Interessante dal punto di vista simbolico come per non affogare Sam debba rifugiarsi nel sogno, strategia di cui l’inconscio stesso si nutre per comunicare con il nostro io dormiente. La sensazionale contraddizione che emerge qui sta proprio nel desiderio simbolico di Sam di restare a galla, di non annegare inondato da una realtà che anestetizza e ipnotizza ogni emozione umana. E per farlo si deve a sua volta immergere, discendere gli inferi di un inconscio che nella sua dimensione collettiva vede nell’acqua una simbologia fondamentale. Navigare per le acque dell’inconscio si rivela una scelta molto pericolosa senza protezione, perché esso ci trascinerebbe negli abissi più profondi dai quali riemergere sarebbe impossibile.

Eppure Sam preferisce immergersi senza protezione alcuna nella dimensione onirica all’interno della quale avviene la sua stessa trasformazione: egli infatti si veste di un mantello e creando l’antitesi di se stesso vola dall’amata che ha visto solo in sogno. Ne ha quindi costruito un’immagine idealizzata, che risponda in tutto e per tutto a quello che per il protagonista rappresenta l’idea di perfezione. Una Vergine Maria da amare, una fantasia da possedere mantenendo l’originale purezza creatrice di un desiderio senza peccato.

Una realtà insopportabile che trova riparo solo in una vita irreale, immaginata partecipando al processo di straniamento e disorientamento dell’individuo che non riesce a sostenere un ordine di realtà che incatena in uno spazio da confini decisi a tavolino.

Poi un giorno ecco comparire la donna dei suoi sogni, Jill Layton. La sosia reale di una donna immaginaria che sam ama da sempre. Questo provoca nello spettatore stesso una confusione surreale, sogno e realtà sono collegati da una donna, un femminile che si impone sulla scena come ipotetica risolutrice, come potenza creativa, eros allo stato puro che risveglia i sensi e incendia d’emozione un animo ingrigito, tetro, ghiacciato, impenetrabile.

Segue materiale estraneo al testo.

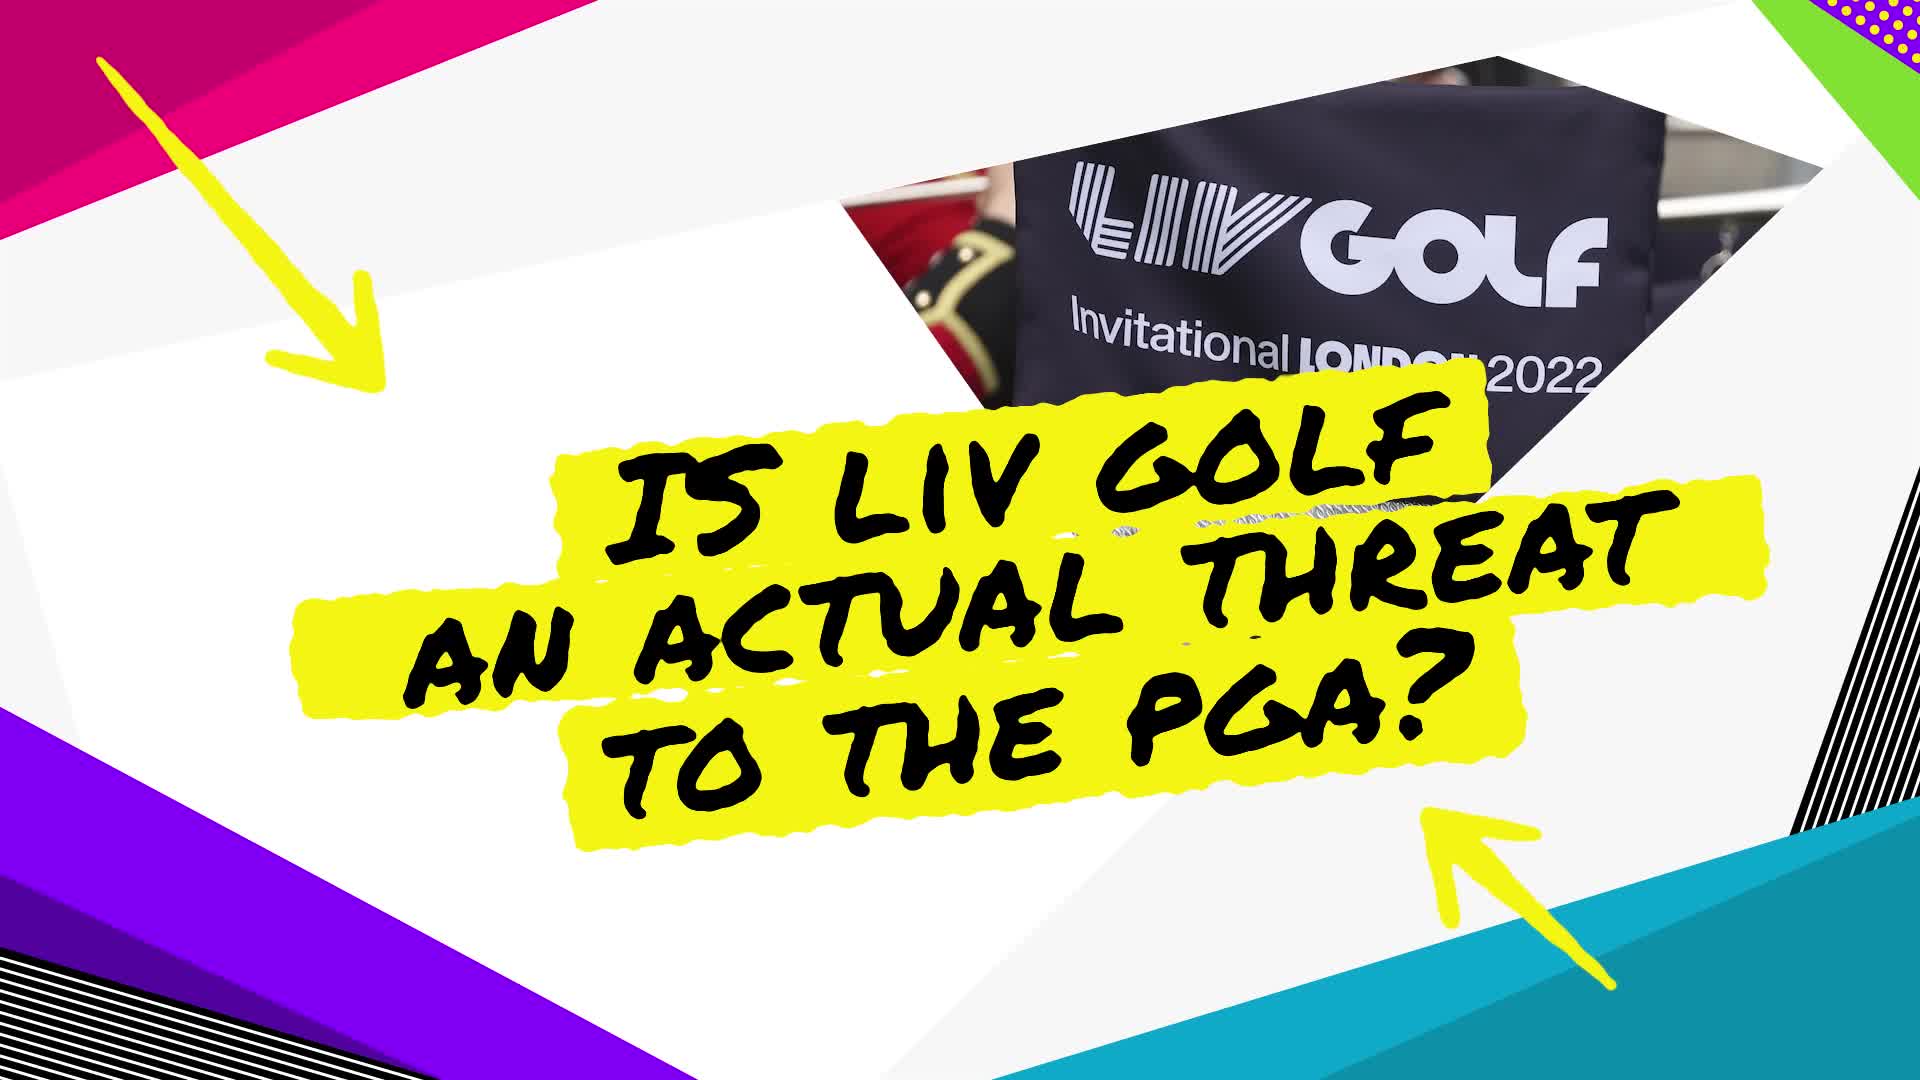 Greg Norman Talks Up TV Network Interest In LIV Golf

Un mondo che si impone sul protagonista schematizzando e catalogando ogni istinto, ogni passione e agito privandolo del valore esistenziale intrinseco alla vita stessa. Un mondo che inizialmente sembra capovolgersi, con l’entrata in scena dell’elemento femminile che ahimè qui soccombe ad un ambulatorio di vita asettico e irreversibilmente sterile.

Nulla puo infatti la donna inserendosi in questo contesto, che appesantisce di continue ed innegabili rinunce e obblighi che allontano dalla volontà, dal libero arbitrio sacrosanto di ogni essere umano.

Il mondo meccanico vince in un finale tanto cruento quanto necessario all’accettazione della vita stessa. Sam viene lobotomizzato diventando lo schiavo dei suoi stessi sogni, del suo stesso tentativo di evasione. Demone del suo stesso mondo in cui si trasforma in galeotto dei suoi incubi che si impossessano di lui, lo possiedono in un vortice tumultuoso e mortale di deformate proiezioni.

Nessun lieto fine purtroppo, solo verità spogliata di ogni componente positiva. Resta una pellicola da vedere, anche solo per prendere coscienza di quello che ci rende umani e di quanto anche le nostre emozioni negative, il dolore, la sofferenza ci rendano umani e vadano quindi non solo accolte ma a volte addirittura cercate.